Некоторые картины, включая меня, у вдовы художника выкупила одна начинающая и очень перспективная частная галерея. Она впоследствии оказалась успешной, поэтому я живу в ней уже более двадцати лет.

Каждый день я вижу десятки посетителей, их лица, словно калейдоскоп, постоянно меняются. Я слышу множество комментариев, разочарованных и полных восхищения вздохов. За все эти годы я была «красавицей», «будто живой», «с кривыми пальцами», «надменной», «загадочной», «с уродливыми бусами». Я слышала много раз, что художник наверняка был в меня влюблён, когда рисовал; многие считали меня его любовницей, из‑за которой он и покончил с собой в лесу. Когда меня изучали подростки, пришедшие в галерею с экскурсией, я не раз слышала от мальчиков, что художник «красиво нарисовал сиськи», а если это были девочки, то их больше всего привлекали яркие жёлтые бусы на моей шее. Наблюдение за людьми – моё большое и, по сути, единственное развлечение, поэтому я так не люблю пустые ночи в галерее и каждый раз жду, когда наступит утро и она вновь откроется. Картины, что висят рядом со мной, в основном пейзажи, поэтому общаться мне не с кем. Конечно, за двадцать с лишним лет меня много раз выставляли на разных выставках в других музеях и галереях, где можно было перекинуться парой слов с портретами, но они обычно надменны и желают только внимания от посетителей. Ах, если бы люди знали, как скучно картинам годами, а то и веками висеть и ни с кем не разговаривать! Мы знаем, что нас нельзя трогать руками и очень близко к нам подходить. Наш единственный контакт с людьми – через их глаза. Мы с жадностью ловим их взгляд, напитываемся им. Мы не жаждем восхищения, но хотим обычного внимания – это то, что даёт нам энергию и возможность веками жить и не разрушаться. Вечерами, когда галерея уже закрывается, мы пытаемся вспомнить глаза каждого гостя, их цвет и форму зрачков. Узкие, широкие, с нависшими веками, с глубокими морщинами вокруг, холодные, пронзительные, сумасшедшие, – мы пытаемся отдаться взгляду каждого, почувствовать на себе его прикосновение.

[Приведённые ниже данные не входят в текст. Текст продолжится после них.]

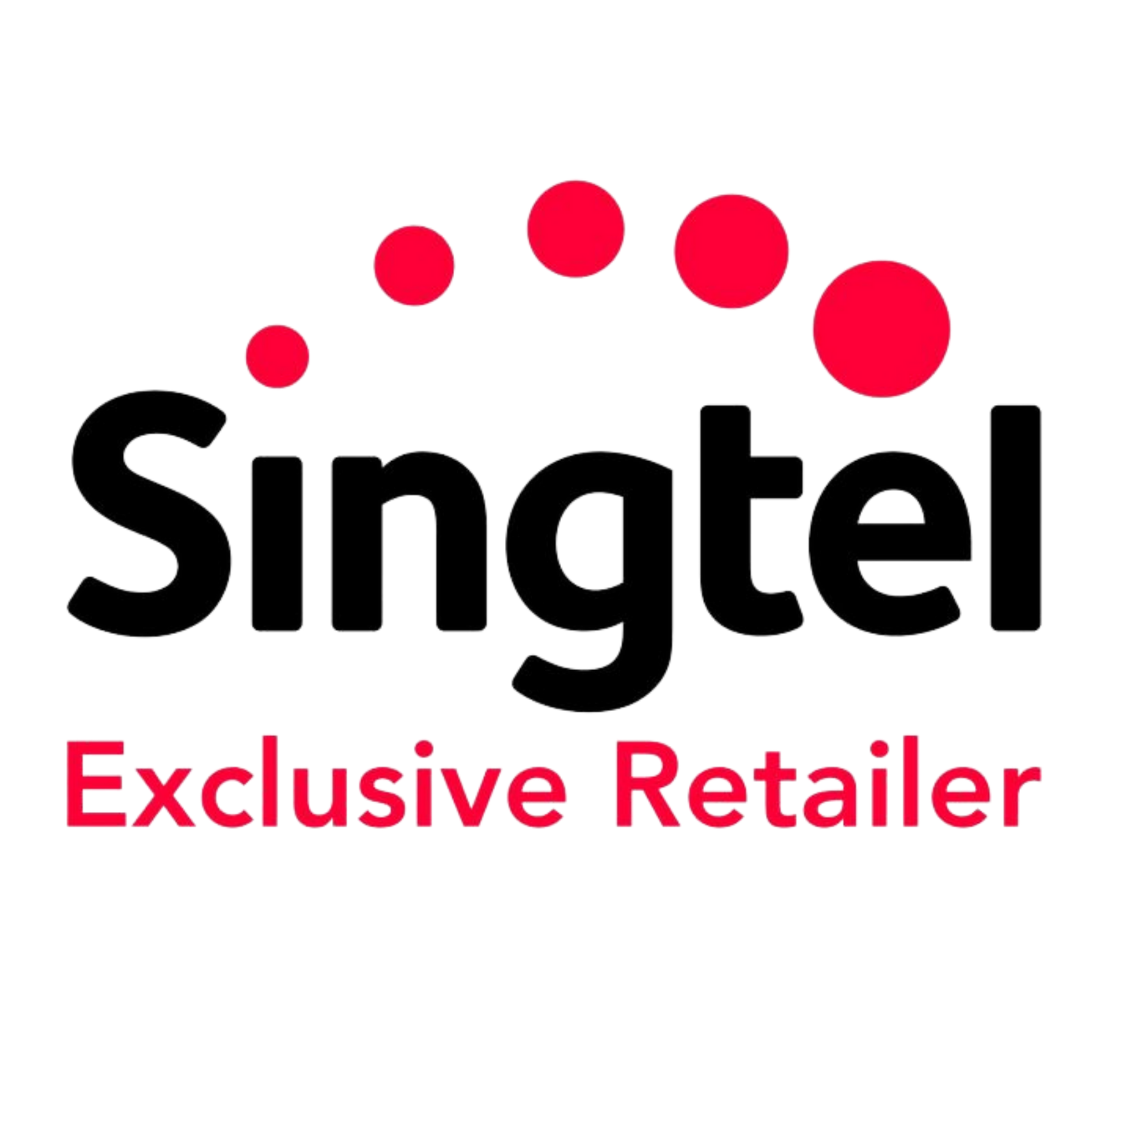 Singtel Exclusive Retailer
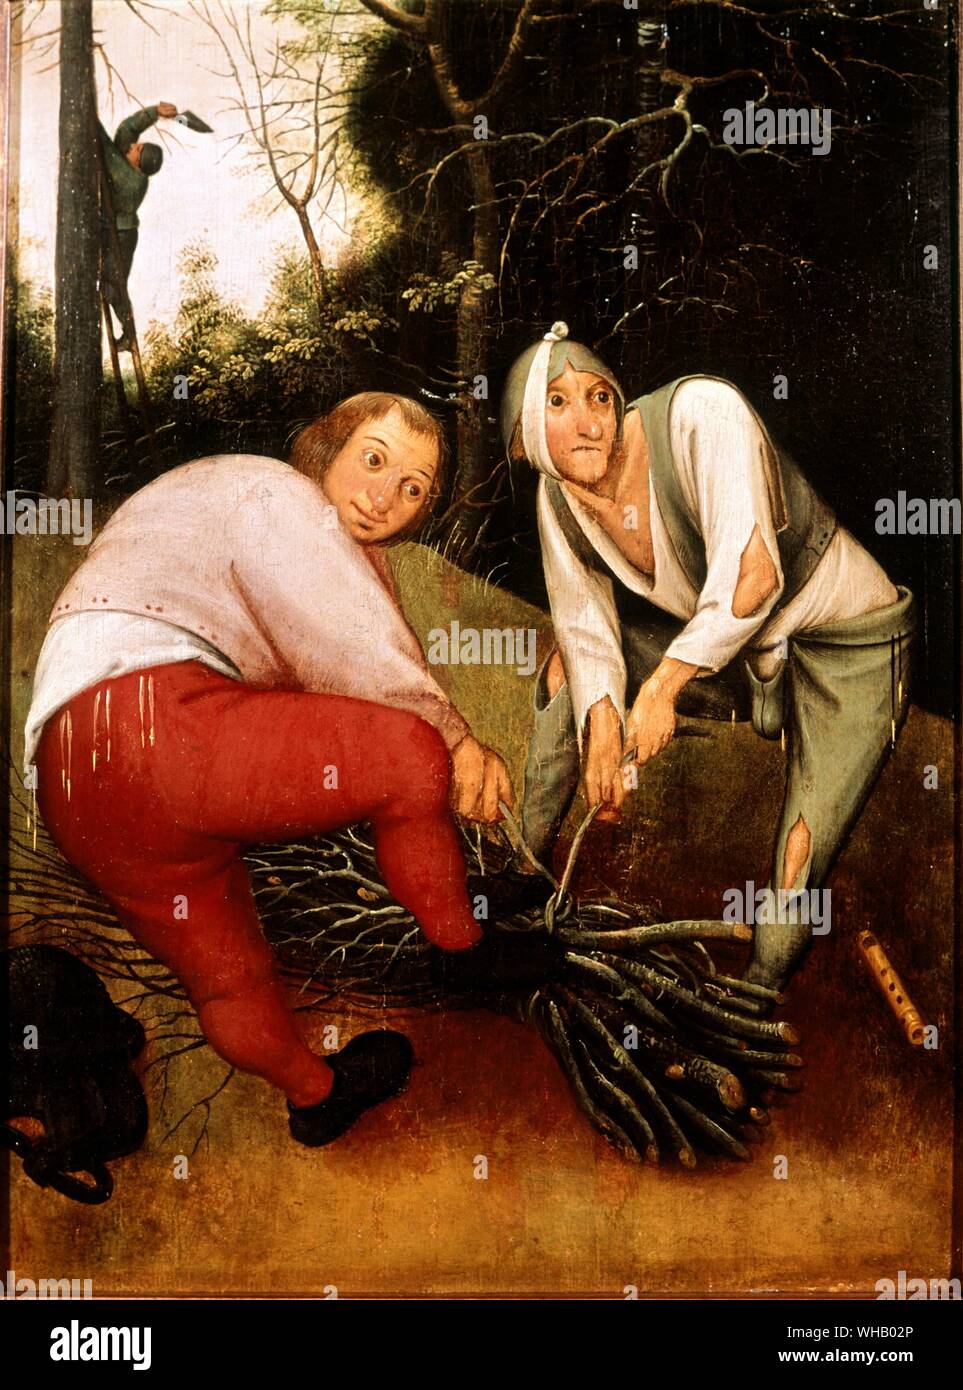 Deux paysans contraignant les pédés. Artiste Brueghel, Pieter le jeune (c.1564-1638). à l'Institut des Arts, Université de Birmingham. Pieter Brueghel le Jeune (1564 - 1638) était un peintre flamand, fils de Pieter Brueghel l'ancien. Lorsqu'il n'avait que cinq ans, son père est mort. Pieter Brueghel le Jeune a reçu sa formation artistique du peintre de paysage flamand Gilles Jean Baptiste Oudry. Brueghel plus tard même épousé la sœur de son maître.. Pieter Brueghel le Jeune est devenu un maître en 1585. Il a ensuite commencé à peindre des paysages, des sujets religieux et de fantaisie Banque D'Images

Иногда в галерее проходят вечеринки с музыкой и шампанским. Это мои самые любимые моменты, потому что тогда я ощущаю на себе одновременно взгляды сотен людей. Когда множество заинтересованных глаз смотрят на меня, я чувствую настоящий экстаз. Это сильнейший наркотик, который мгновенно подсаживает на себя, ощущения от которого забыть я не в силах. Конечно, такие вечера проходят не так часто, но от этого ещё слаще чувство внимания на себе, энергия человеческих взглядов.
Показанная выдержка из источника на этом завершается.